PyTorch Dataset and DataLoader
  • Framework-agnostic: Datasets is framework-agnostic and portable between different distributed training frameworks, while Torch datasets are specific to Torch.

  • No built-in IO layer: Torch datasets do not have an I/O layer for common file formats or in-memory exchange with other frameworks; users need to bring in other libraries and roll this integration themselves.

  • Generic distributed data processing: Datasets is more general: it can handle generic distributed operations, including global per-epoch shuffling, which would otherwise have to be implemented by stitching together two separate systems. Torch datasets would require such stitching for anything more involved than batch-based preprocessing, and does not natively support shuffling across worker shards. See our blog post on why this shared infrastructure is important for 3rd generation ML architectures.

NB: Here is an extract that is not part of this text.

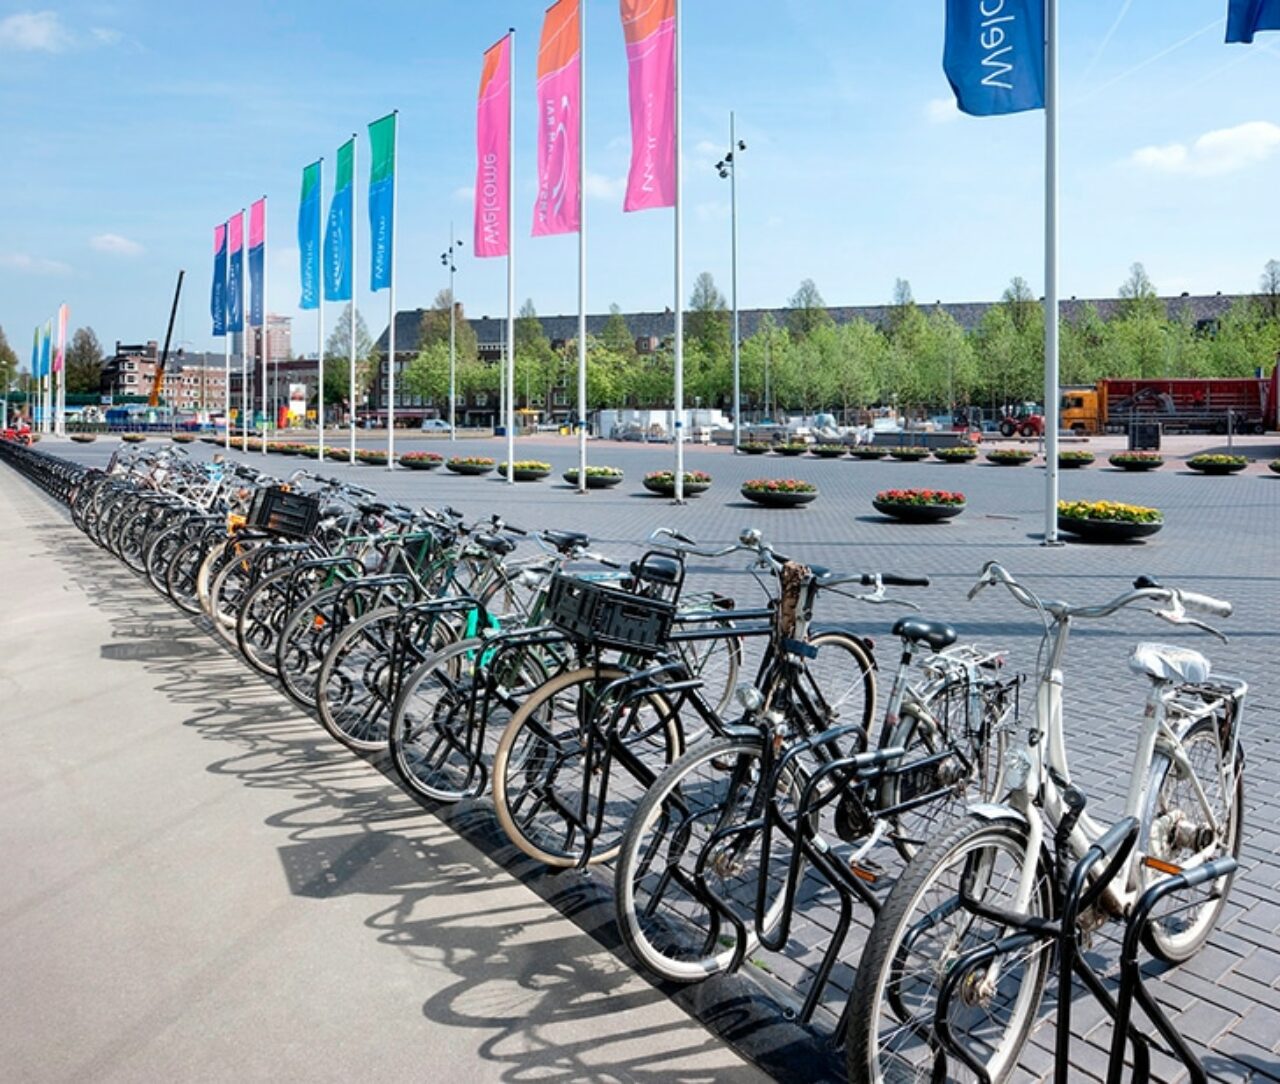 Range-vélo - Support Cobra - Rangée avec Vélos - Amsterdam Pays-Bas
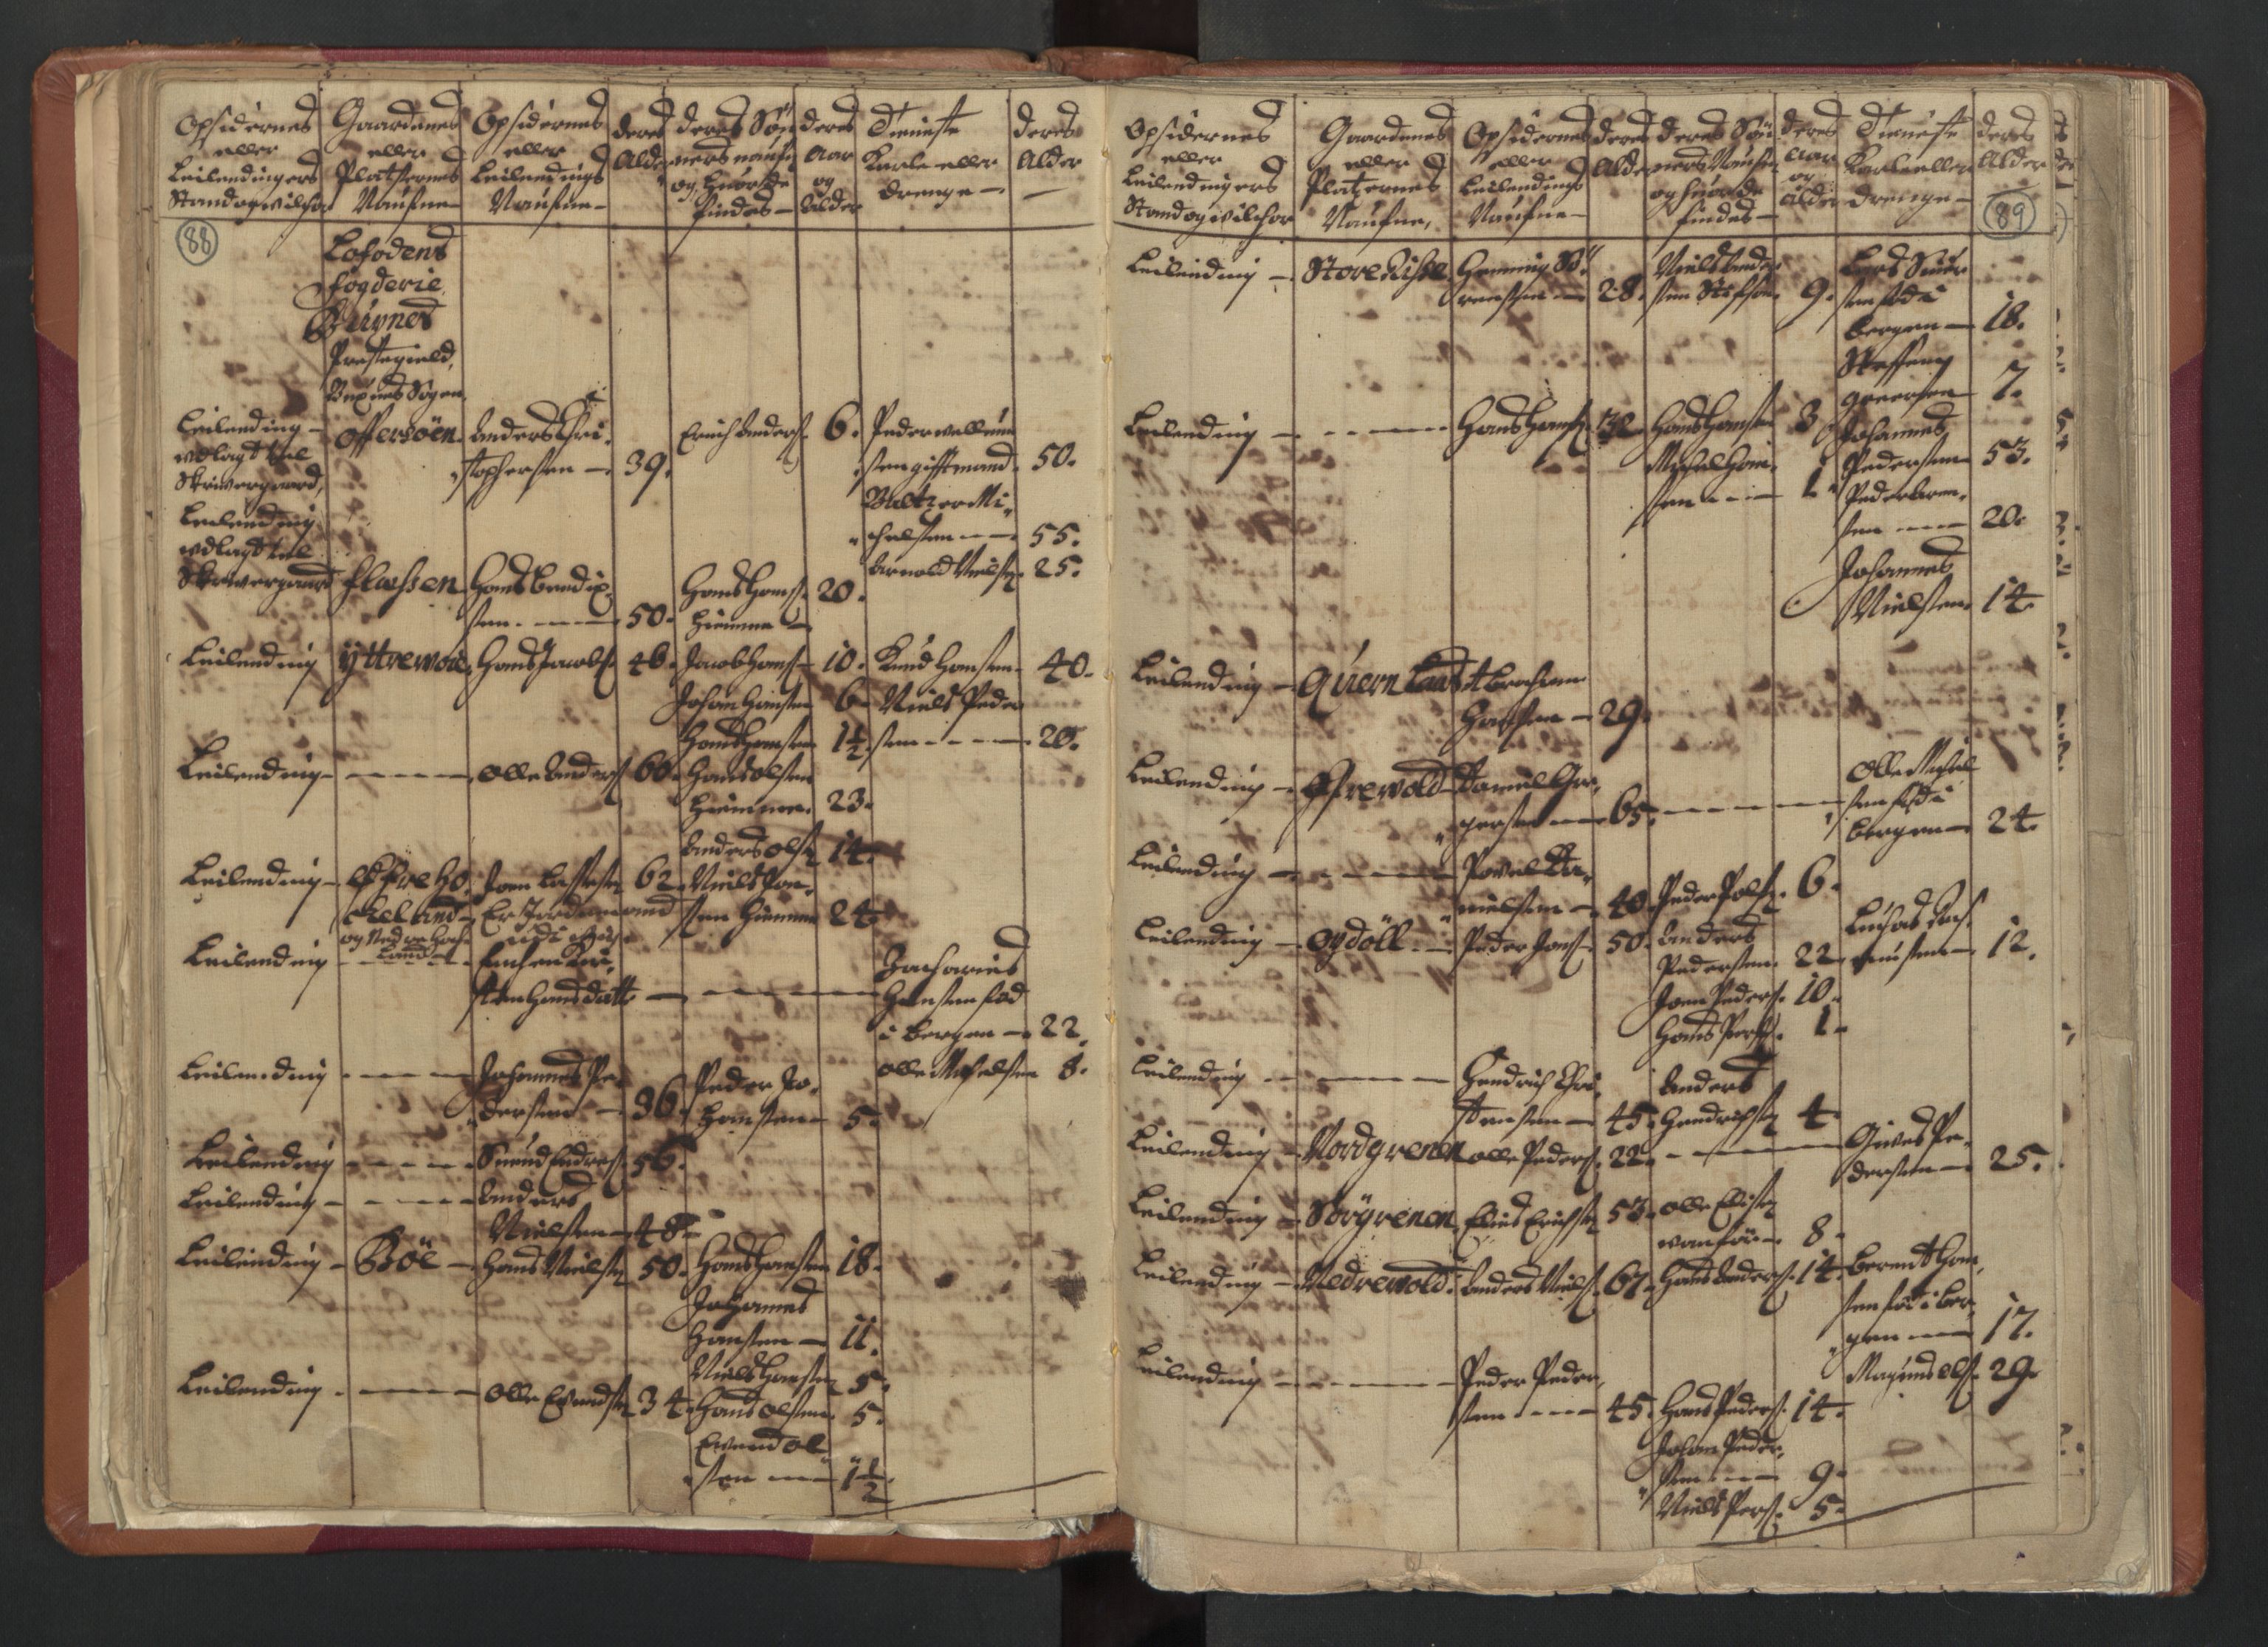 RA, Manntallet 1701, nr. 18: Vesterålen, Andenes og Lofoten fogderi, 1701, s. 88-89

  • Lower overhead: Datasets is lower overhead: it supports zero-copy exchange between processes, in contrast to the multi-processing-based pipelines of Torch datasets.

TensorFlow Dataset
  • Framework-agnostic: Datasets is framework-agnostic and portable between different distributed training frameworks, while TensorFlow datasets is specific to TensorFlow.

  • Unified single-node and distributed: Datasets unifies single and multi-node training under the same abstraction. TensorFlow datasets presents separate concepts for distributed data loading and prevents code from being seamlessly scaled to larger clusters.

  • Generic distributed data processing: Datasets is more general: it can handle generic distributed operations, including global per-epoch shuffling, which would otherwise have to be implemented by stitching together two separate systems. TensorFlow datasets would require such stitching for anything more involved than basic preprocessing, and does not natively support full-shuffling across worker shards; only file interleaving is supported. See our blog post on why this shared infrastructure is important for 3rd generation ML architectures.

  • Lower overhead: Datasets is lower overhead: it supports zero-copy exchange between processes, in contrast to the multi-processing-based pipelines of TensorFlow datasets.

Petastorm
  • Supported data types: Petastorm only supports Parquet data, while Ray Data supports many file formats.

  • Lower overhead: Datasets is lower overhead: it supports zero-copy exchange between processes, in contrast to the multi-processing-based pipelines used by Petastorm.

  • No data processing: Petastorm does not expose any data processing APIs.

NVTabular
  • Supported data types: NVTabular only supports tabular (Parquet, CSV, Avro) data, while Ray Data supports many other file formats.

  • Lower overhead: Datasets is lower overhead: it supports zero-copy exchange between processes, in contrast to the multi-processing-based pipelines used by Petastorm.

  • Heterogeneous compute: NVTabular doesn’t support mixing heterogeneous resources in dataset transforms (e.g. both CPU and GPU transformations), while Ray Data supports this.